Search code examples
phpregexpreg-split

How to match comma outside multiple parentheses by regex


I split a string by comma, but not within parathesis, using preg_split. I came up with

preg_split('#,(?![^\(]*[\)])#',$str);

which works perfectly unless there is a comma before a nested parenthesis.

Works for

$str = "first (1,2),second (child (nested), child2), third";

Array
(
    [0] => first (1,2)
    [1] => second (child (nested), child2)
    [2] =>  third
)

but not for

$str = "first (1,2),second (child, (nested), child2), third";

Array
(
    [0] => first (1,2)
    [1] => second (child
    [2] =>  (nested), child2)
    [3] =>  third
)

Solution

  • You can use recursion matching the balanced parenthesis. Then make use of SKIP FAIL and match the comma to split on.

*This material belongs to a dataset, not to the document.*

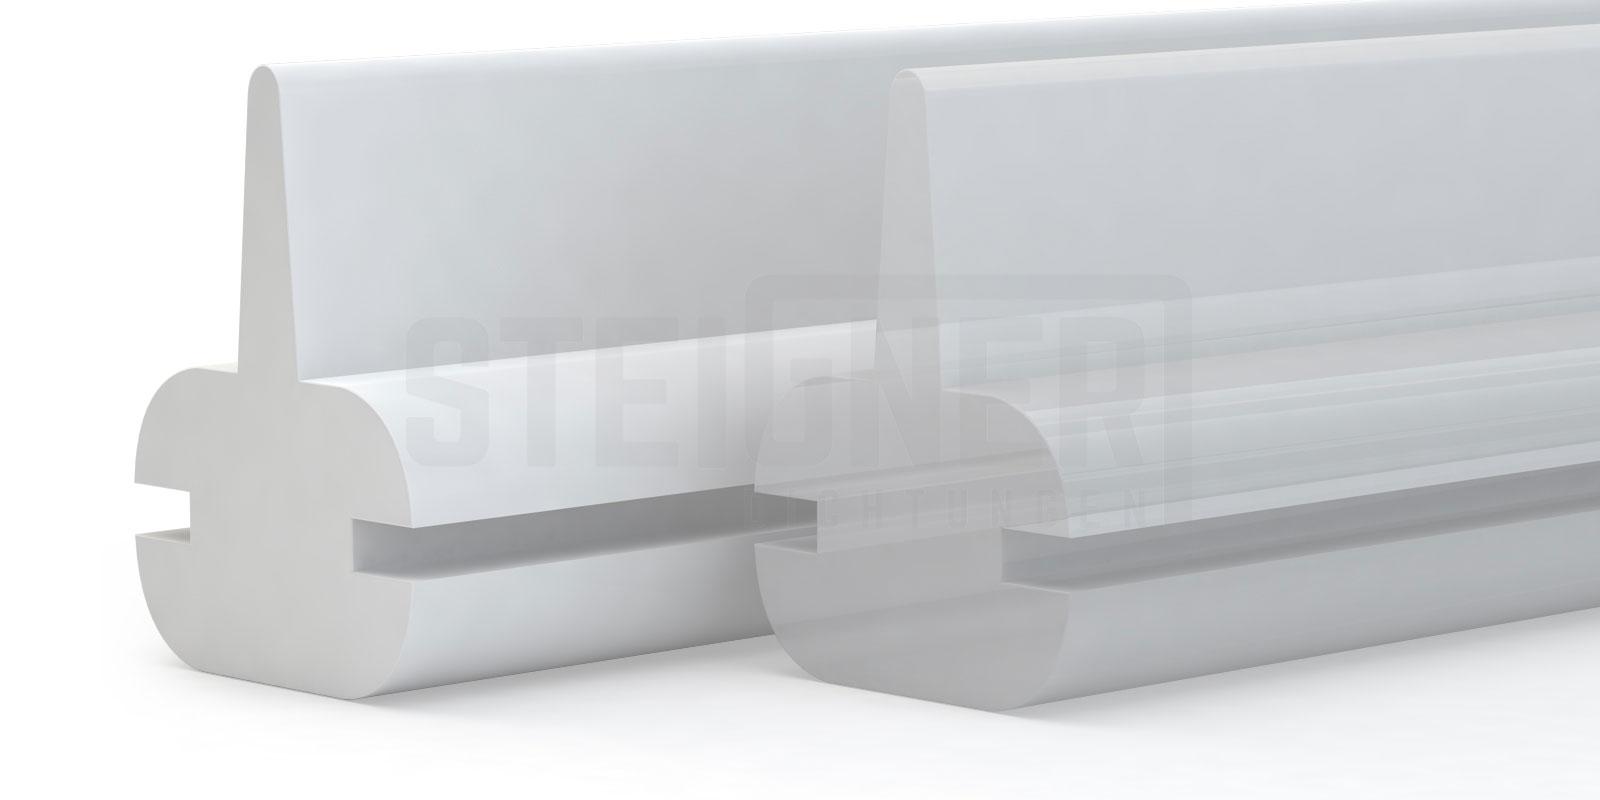 duschdichtung dichtung duschkabine duscht r wasserabweiser glas dichtprofil bad ebay. Black Bedroom Furniture Sets. Home Design Ideas

    (\((?:[^()]++|(?1))*\))(*SKIP)(*F)|,
    

    See a regex demo.

    Example

    $str = "first (1,2),second (child, (nested), child2), third";
    $pattern = "/(\((?:[^()]++|(?1))*\))(*SKIP)(*F)|,/";
    print_r(preg_split($pattern, $str));
    

    Output

    Array
    (
        [0] => first (1,2)
        [1] => second (child, (nested), child2)
        [2] =>  third
    )